** EXERCISE GOAL **
In the material below, please retype the lines from the very first through the one with "picture of a", exactly and without pictures.

** AVAILABLE DATA **
=== Begin Enclosure ===
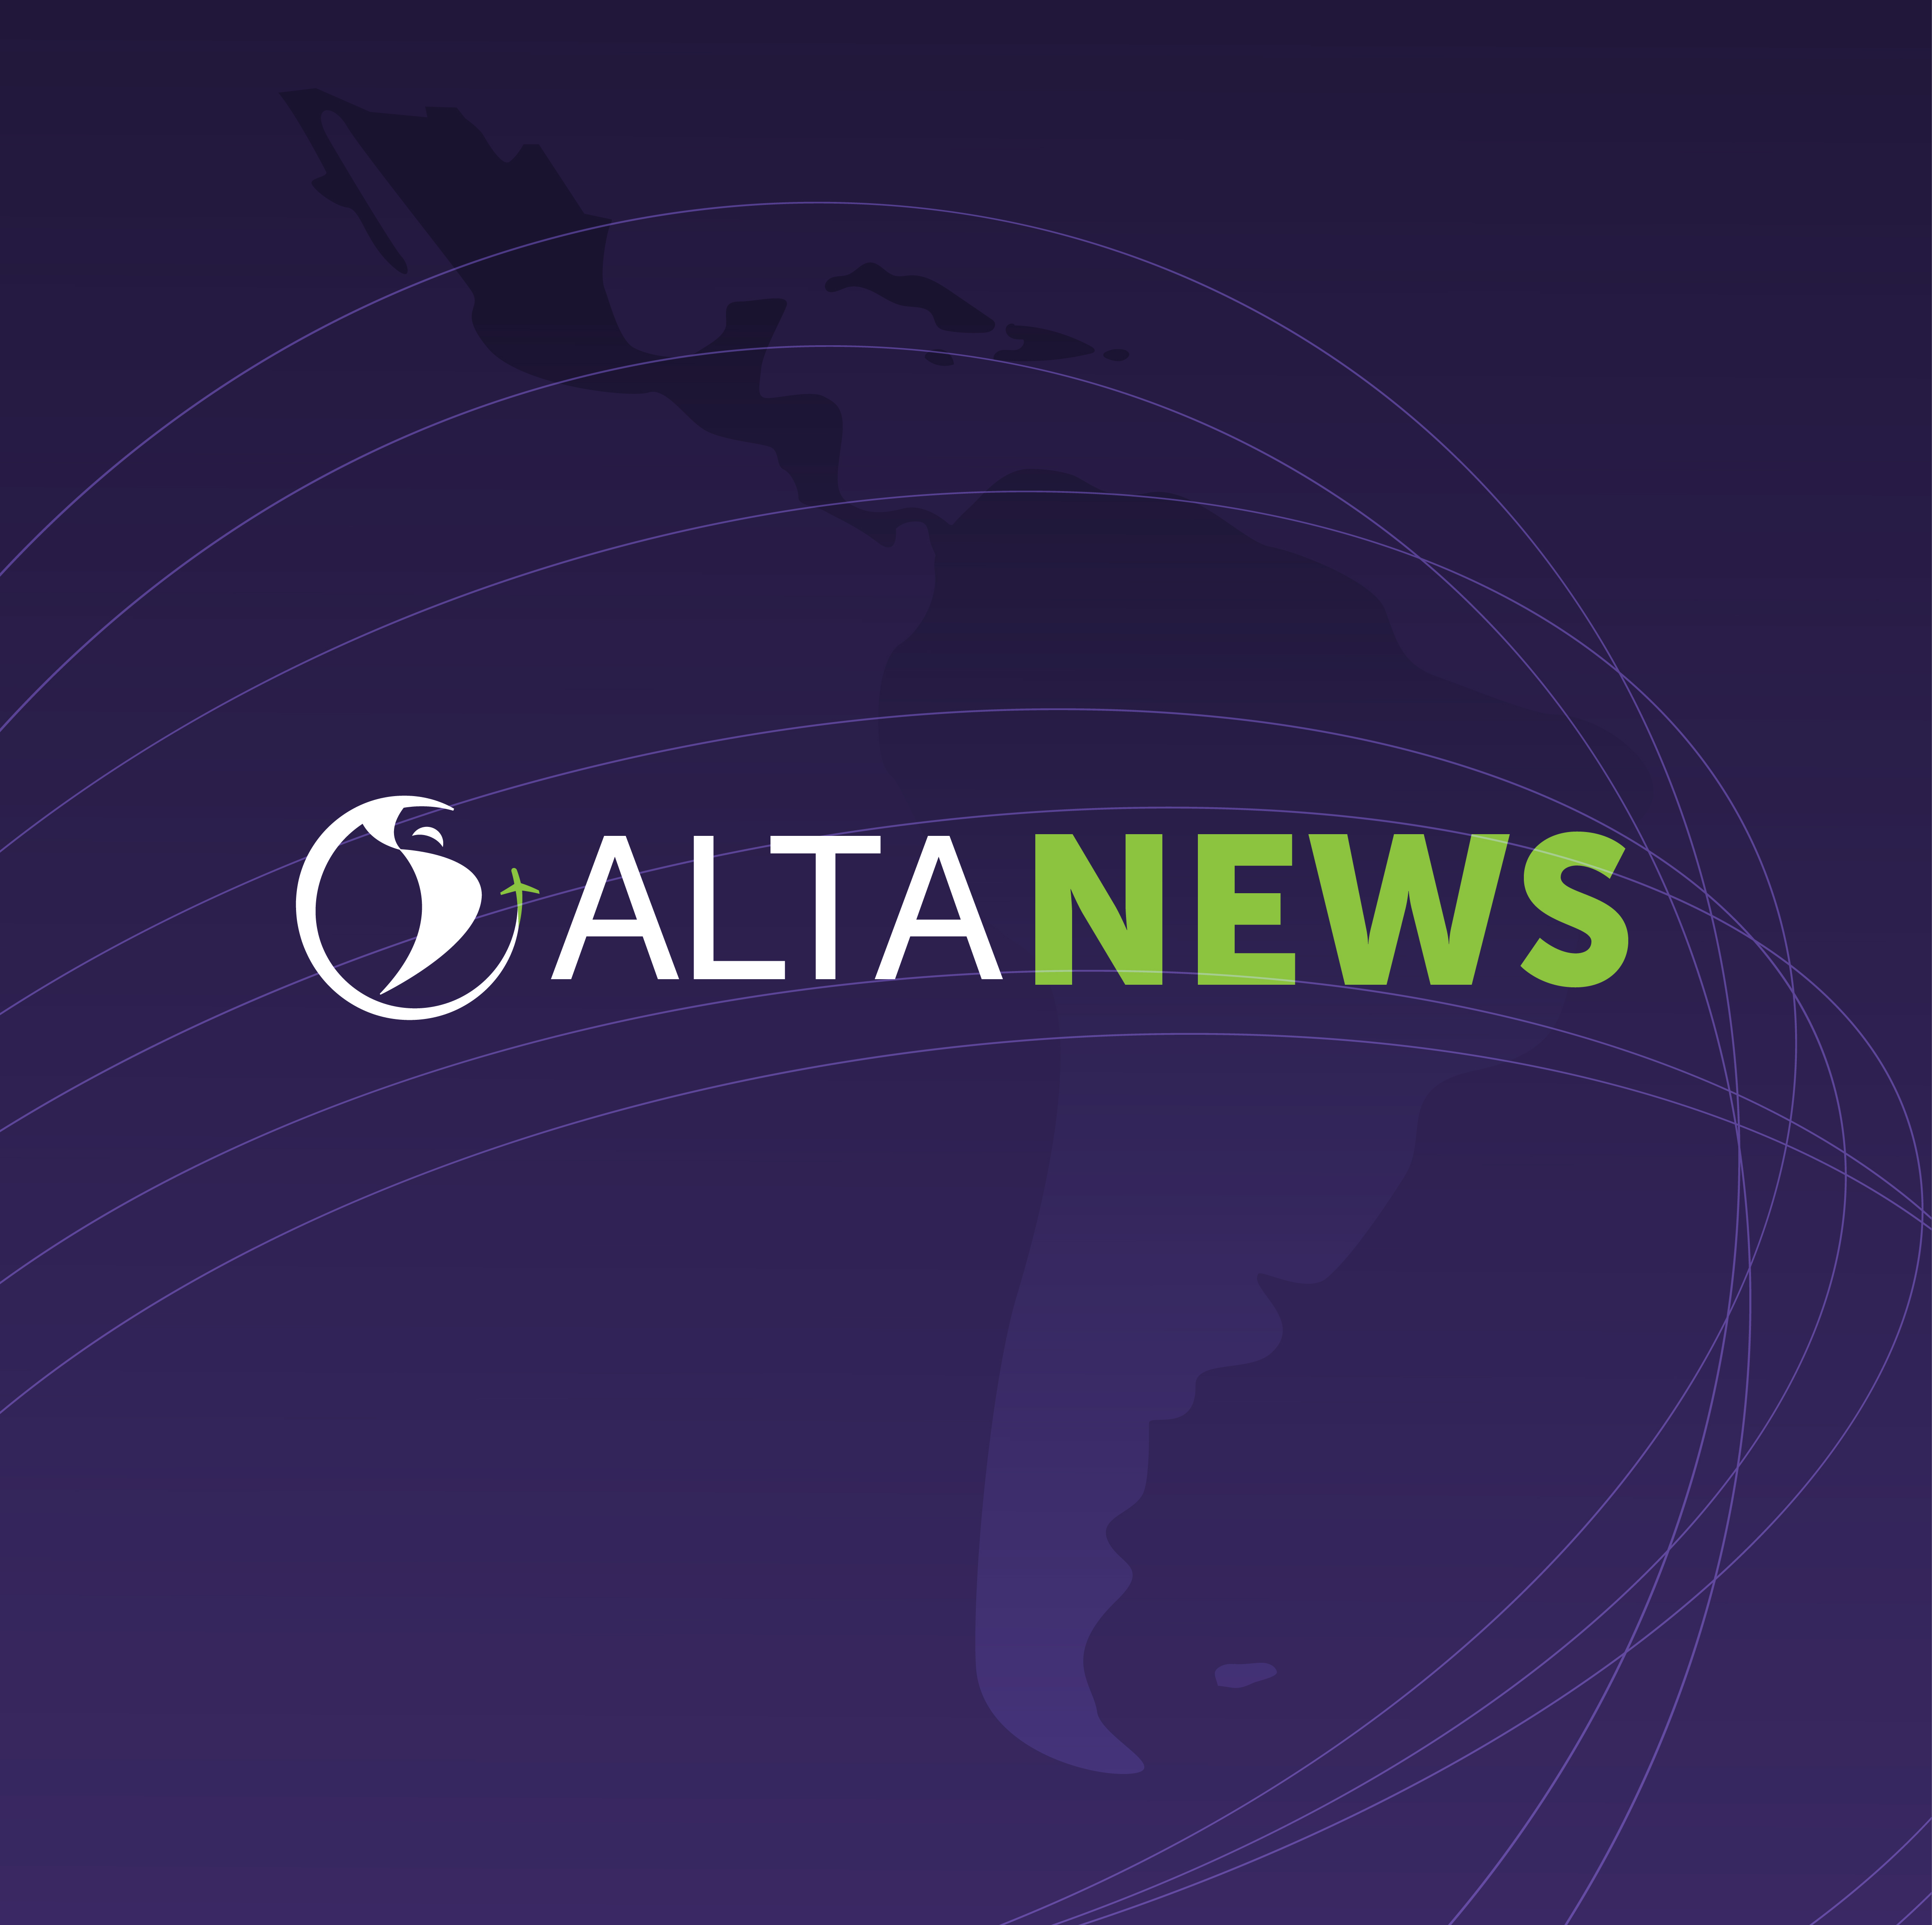 ALTA NEWS - Latin American and Caribbean airlines have achieved annual fuel efficiency of 2.7%
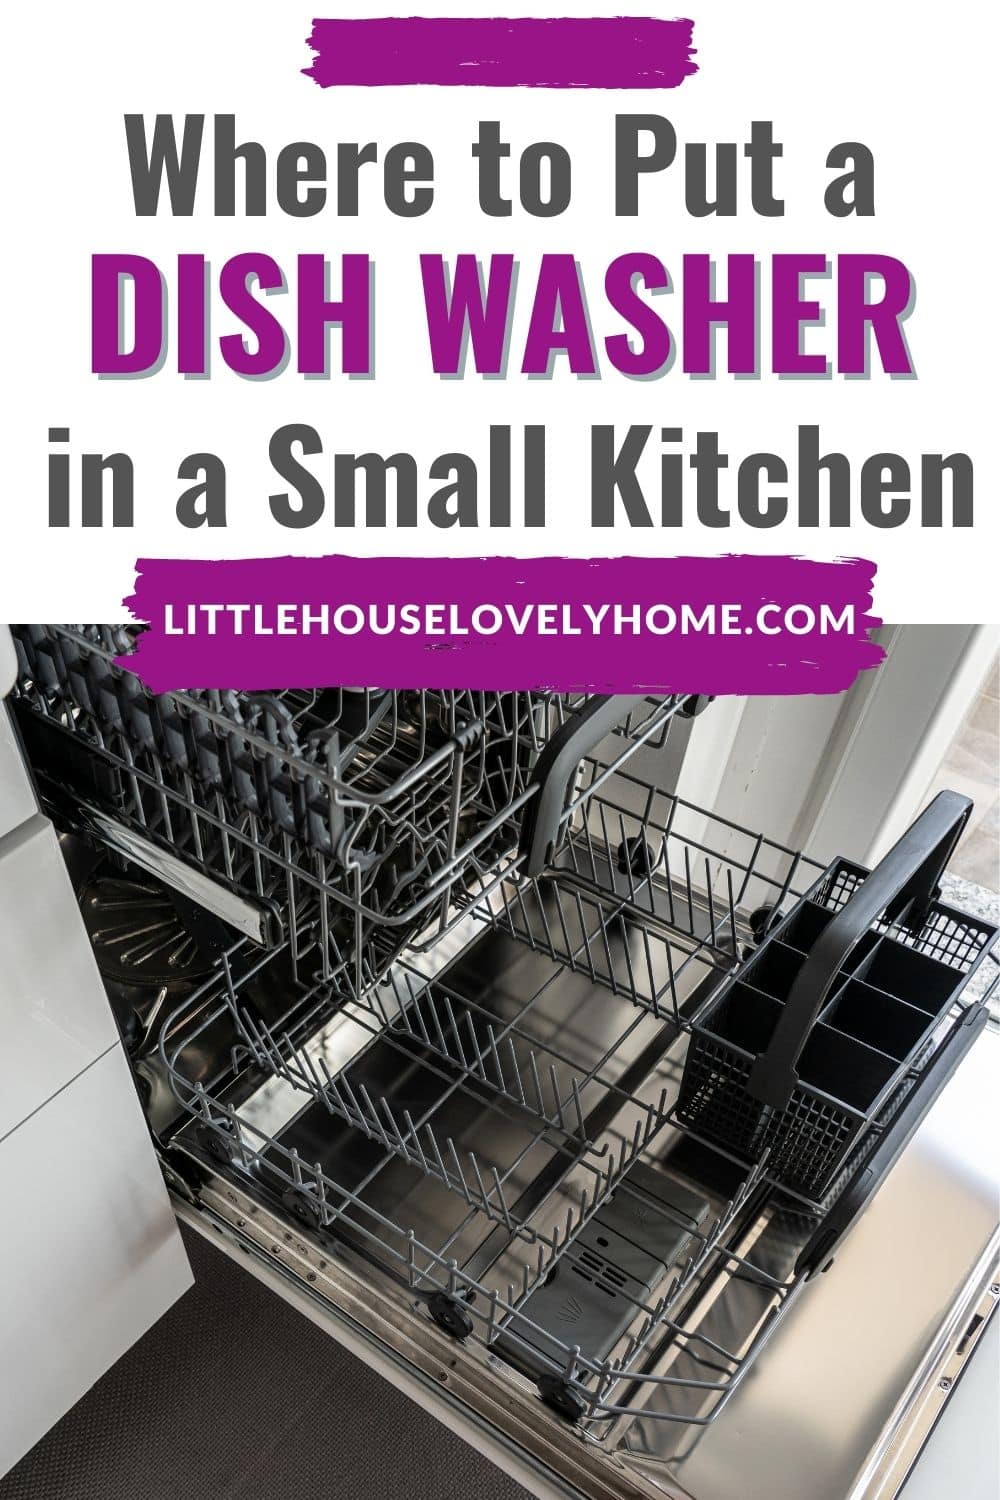 picture of a dishwasher with text overlay that reads 1Where to put a dishwasher in a small kitchen
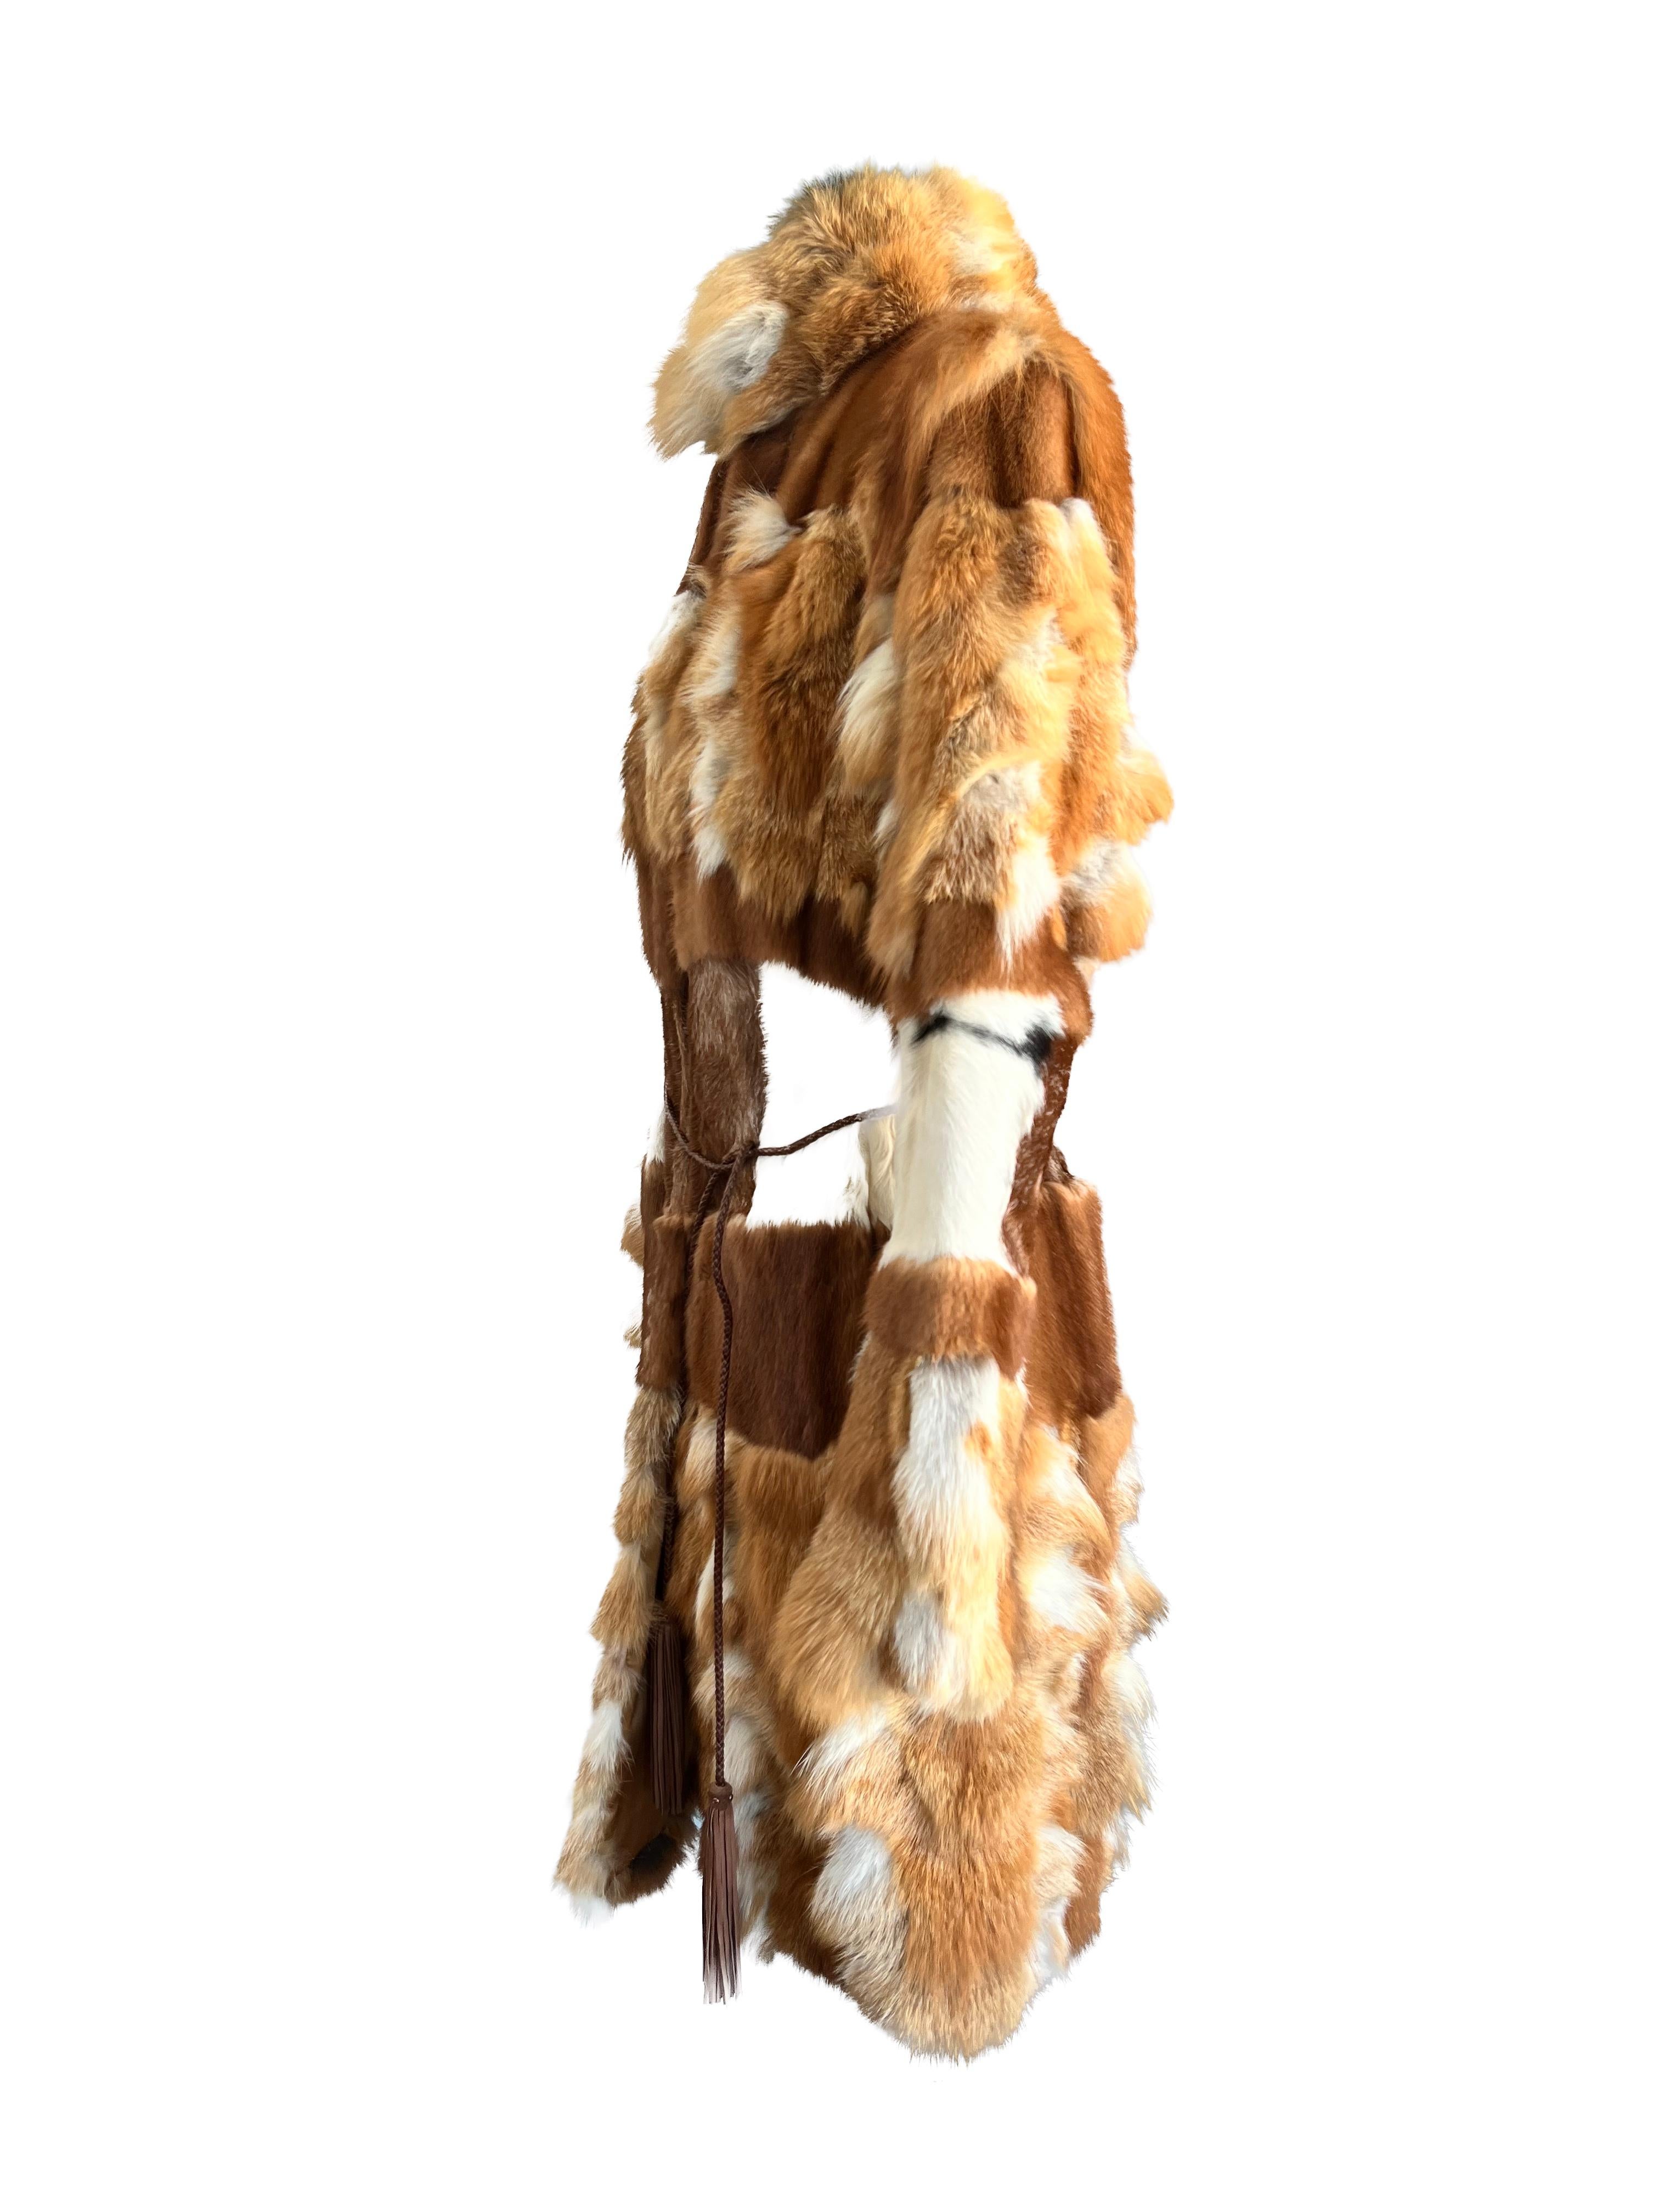 Indulge in opulent luxury with the Roberto Cavalli Patchwork Fox Fur Coat, a true masterpiece that fuses artisan craftsmanship with high-end fashion. This coat is a striking testament to Roberto Cavalli's dedication to bold designs and exquisite
=== End Enclosure ===
** RESPONSE **
 ALTA NEWS - Latin American and Caribbean airlines have achieved annual fuel efficiency of 2.7%
 picture of a dishwasher with text overlay that reads 1Where to put a dishwasher in a small kitchen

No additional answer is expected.